- **About this task**: Reproduce word for word the lines of the listing from the first one through the one with "Courthouse Square Community Room", omitting every picture.

- **Recorded data**:
↓↓↓

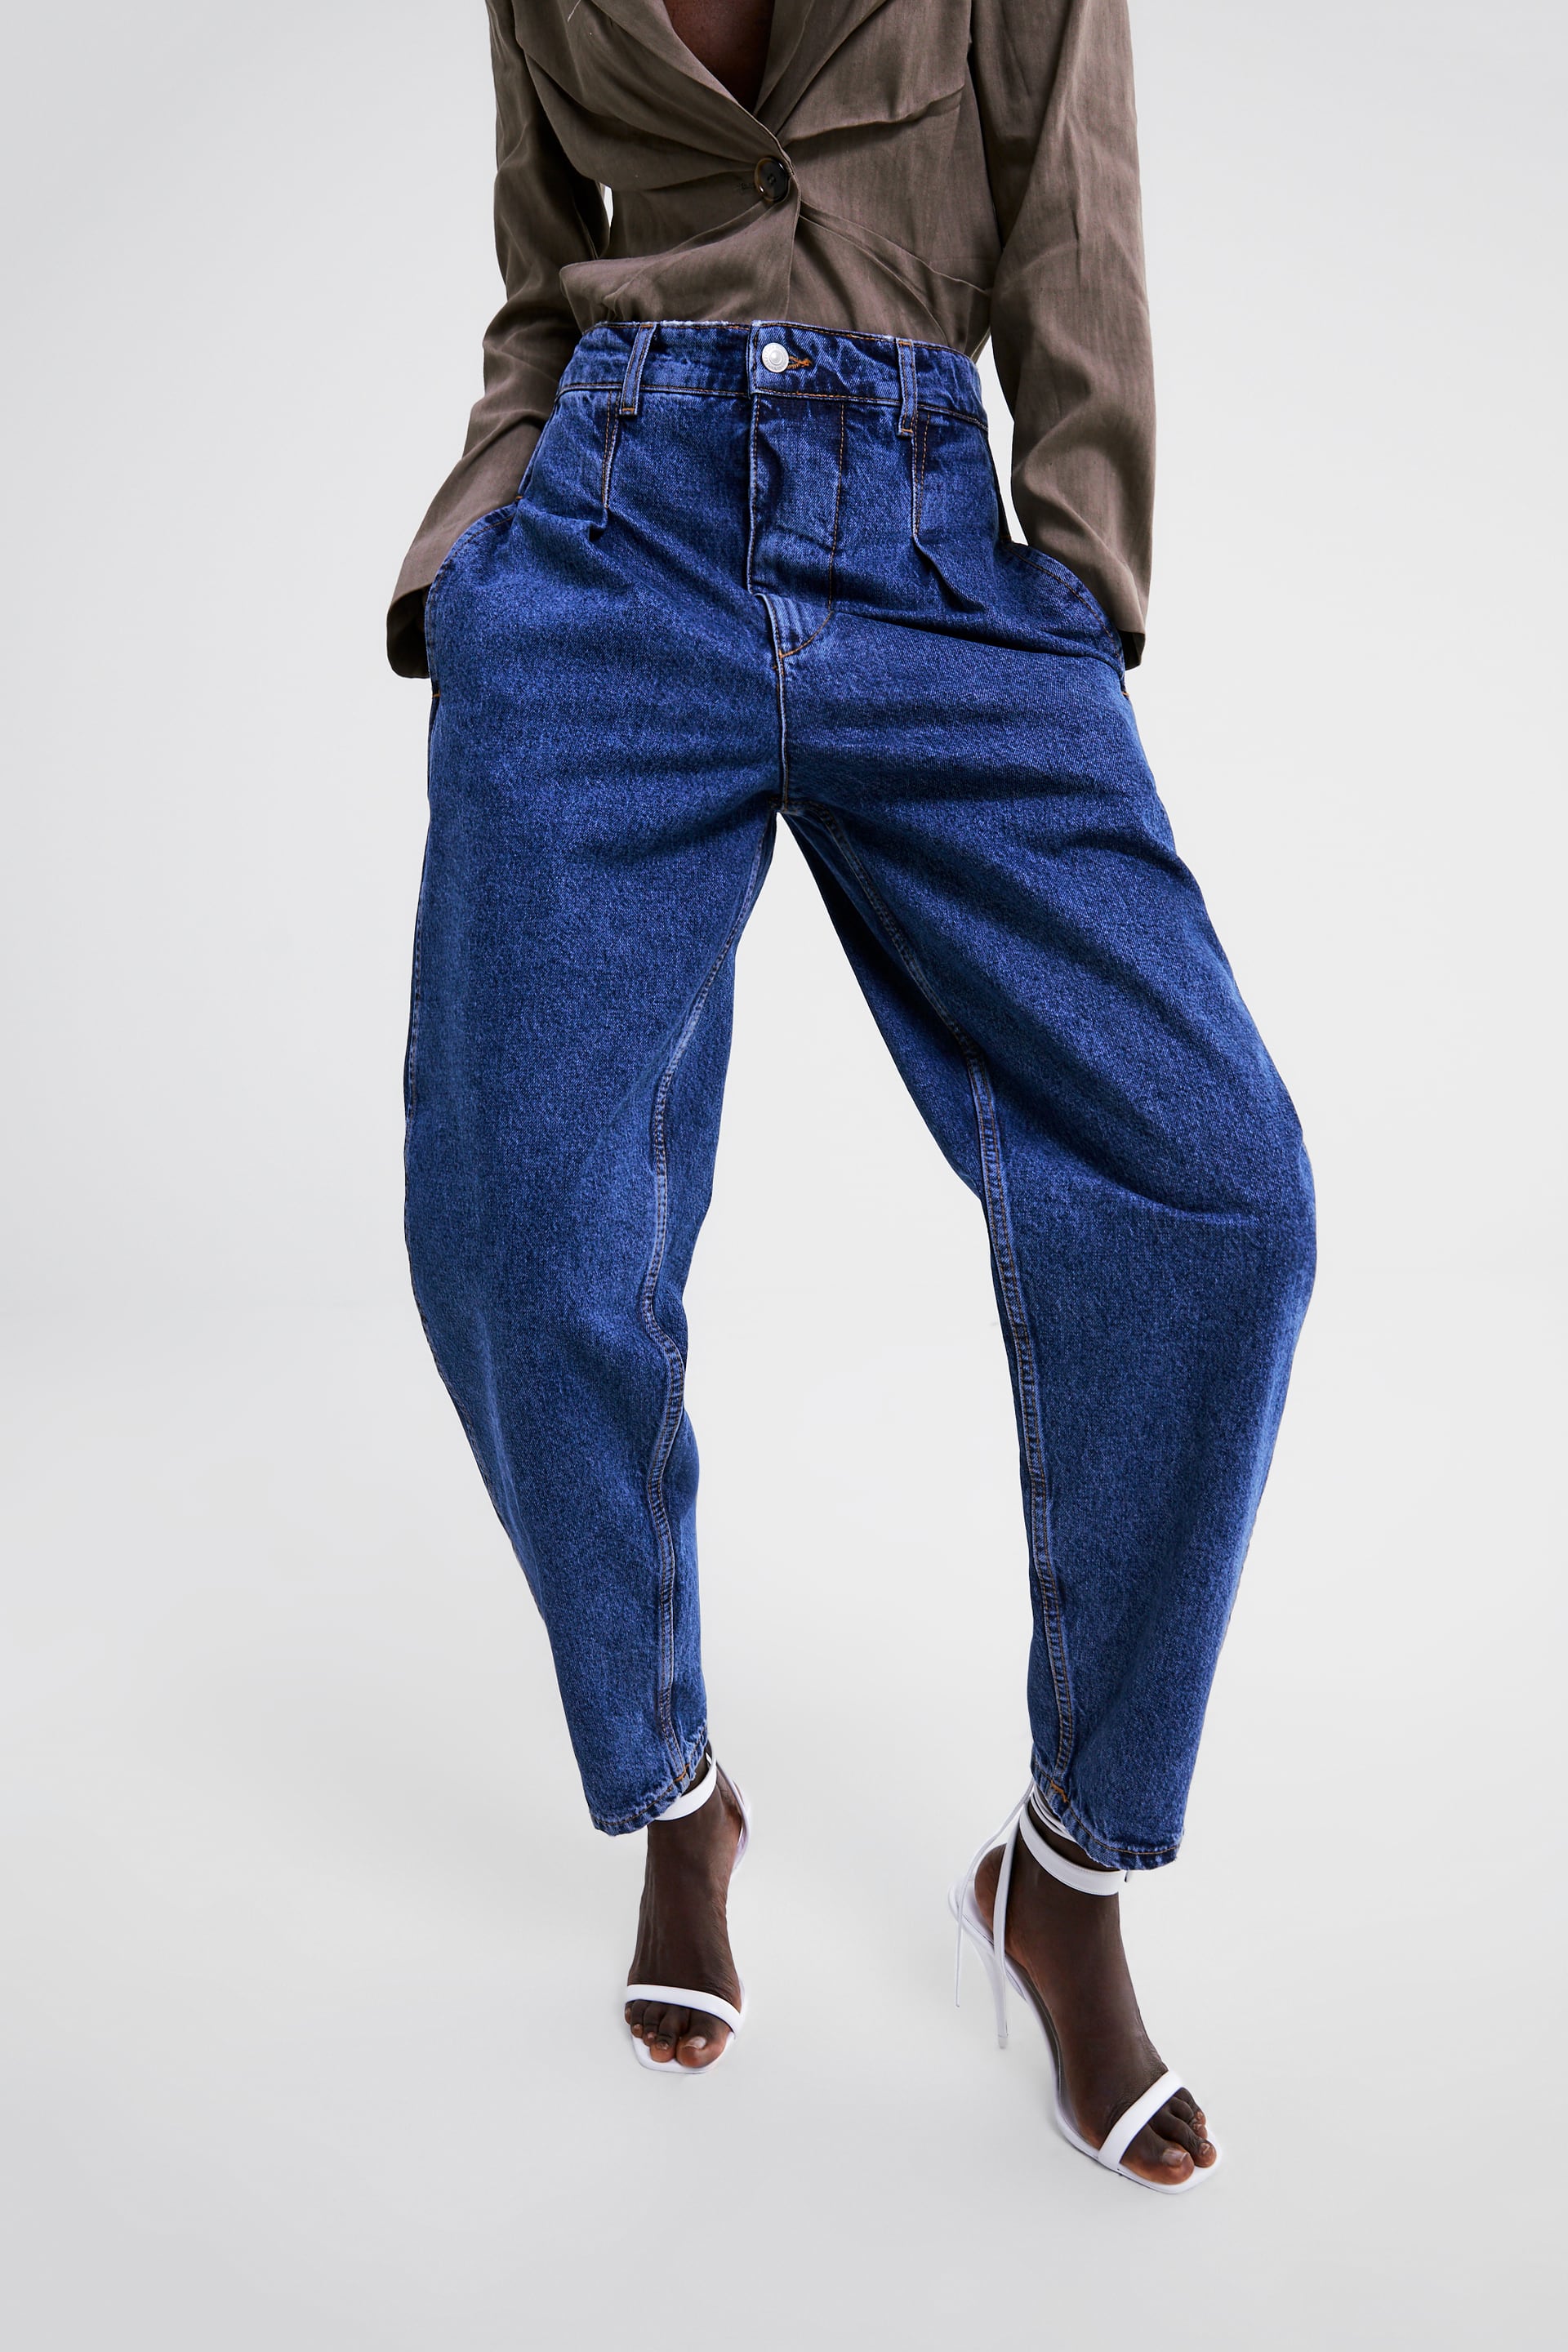 The 5 Most Popular 2019 Denim Trends at Zara | Who What Wear
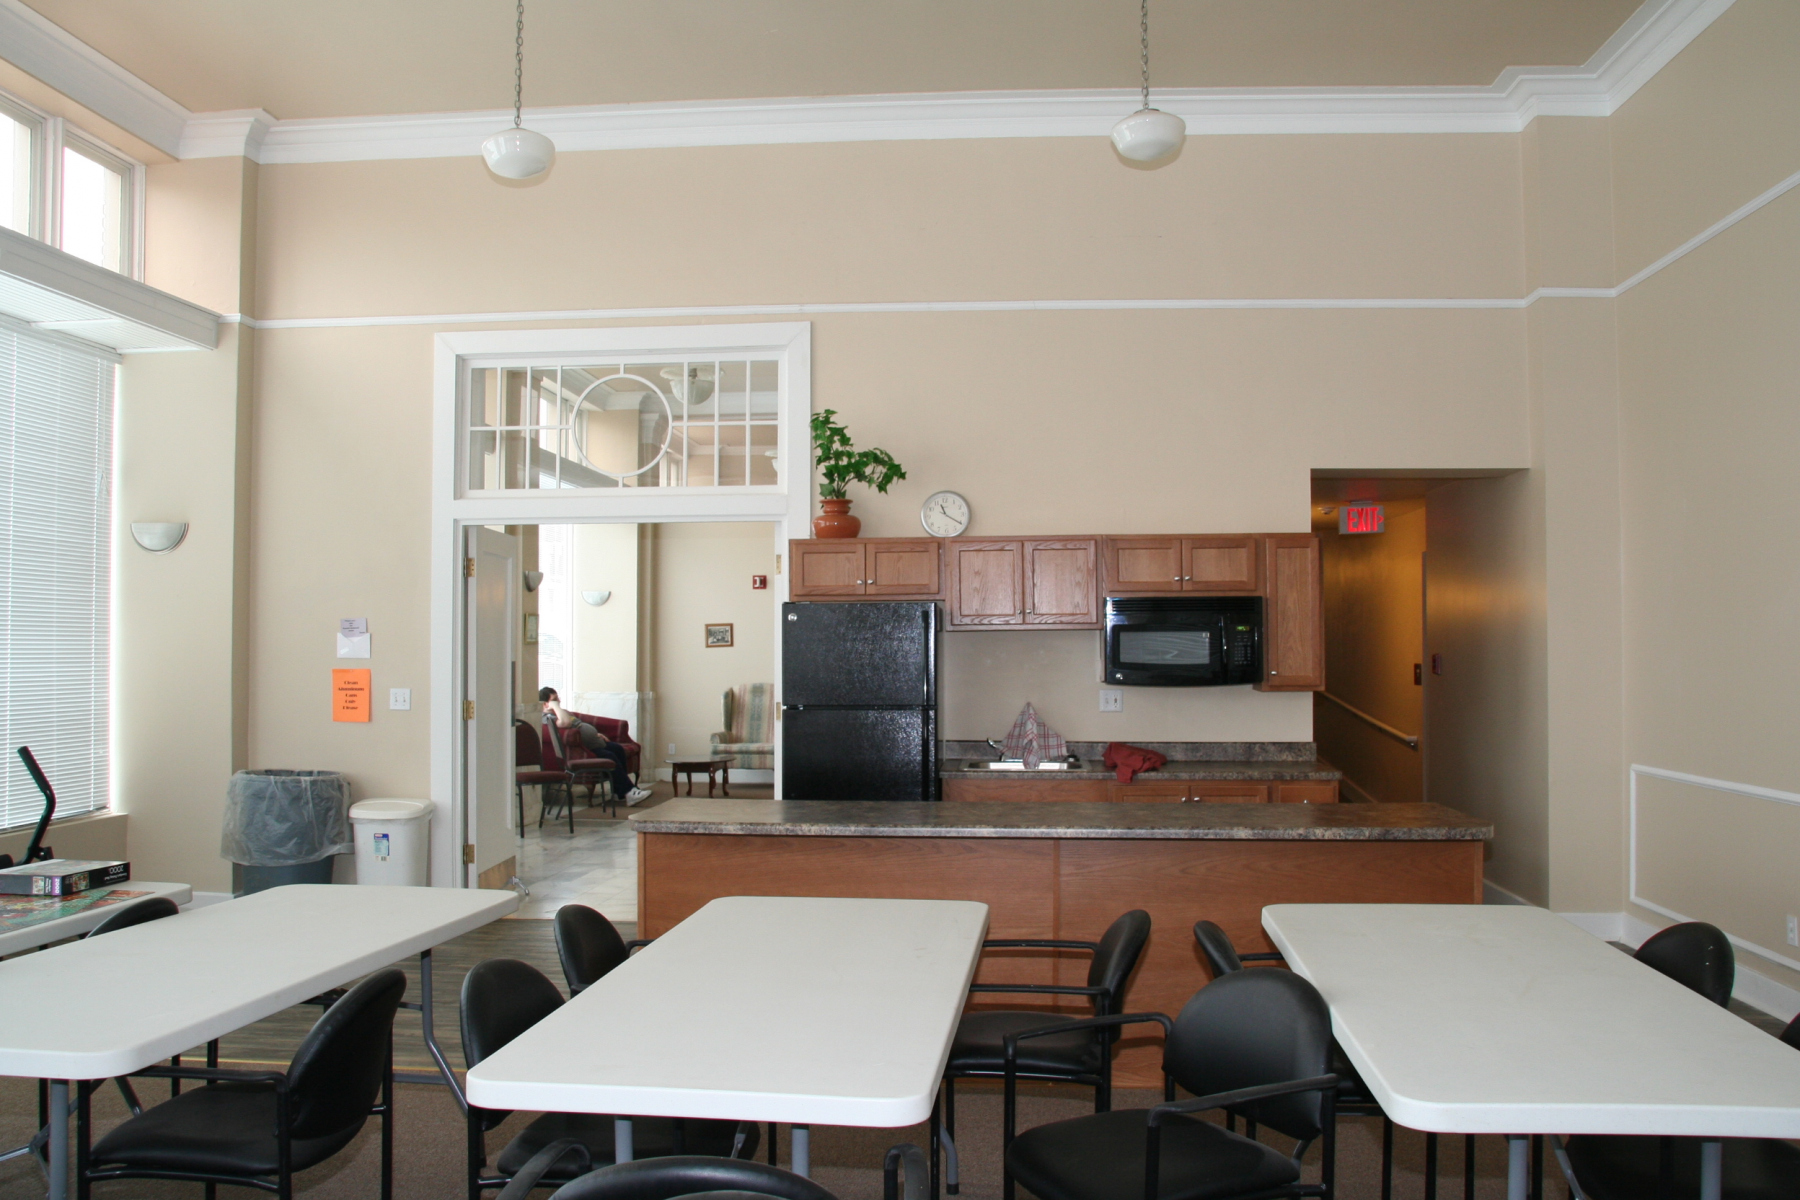 Courthouse Square Community Room
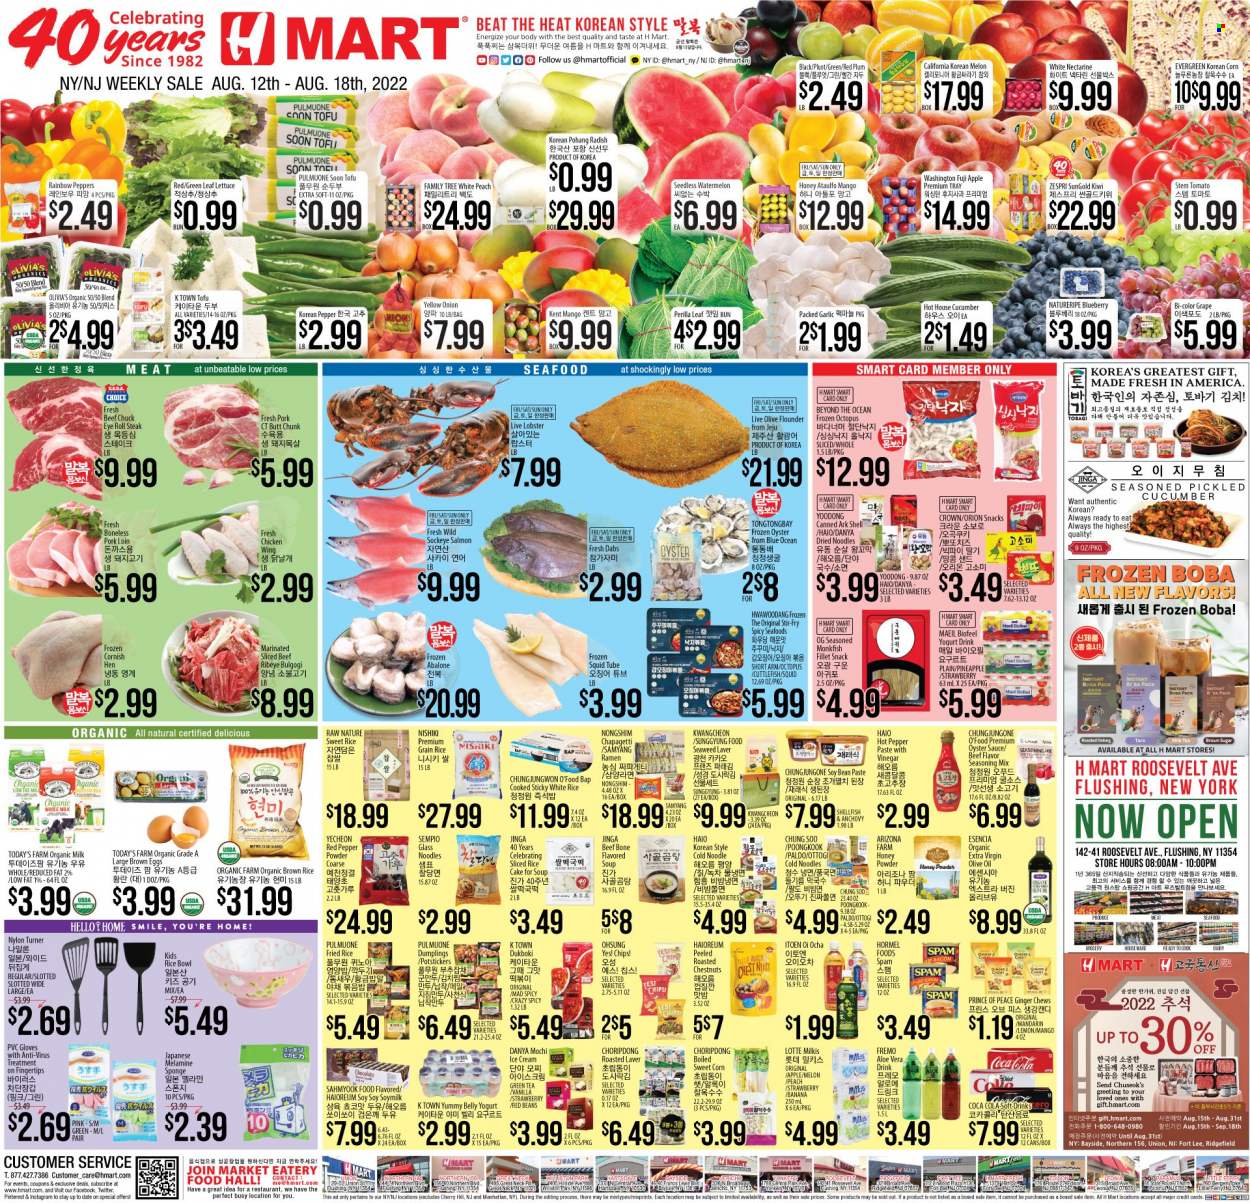 thumbnail - Hmart Flyer - 08/12/2022 - 08/18/2022 - Sales products - beans, corn, garlic, ginger, radishes, lettuce, peppers, sweet corn, kiwi, mandarines, watermelon, pineapple, Fuji apple, red plums, cuttlefish, flounder, lobster, monkfish, salmon, squid, octopus, oysters, seafood, abalone, ramen, soup, sauce, dumplings, noodles, Hormel, bacon, Spam, tofu, yoghurt, soy milk, organic milk, yoghurt drink, eggs, ice cream, snack, chewing gum, cane sugar, seaweed, anchovies, red beans, brown rice, white rice, spice, oyster sauce, extra virgin olive oil, olive oil, oil, honey, chestnuts, Coca-Cola, soft drink, AriZona, green tea, tea, steak, pork loin, pork meat, houseware, sponge, tray, bowl, nectarines, melons. Page 1.

↑↑↑

- **Reply to the task**:
 The 5 Most Popular 2019 Denim Trends at Zara | Who What Wear
 Courthouse Square Community Room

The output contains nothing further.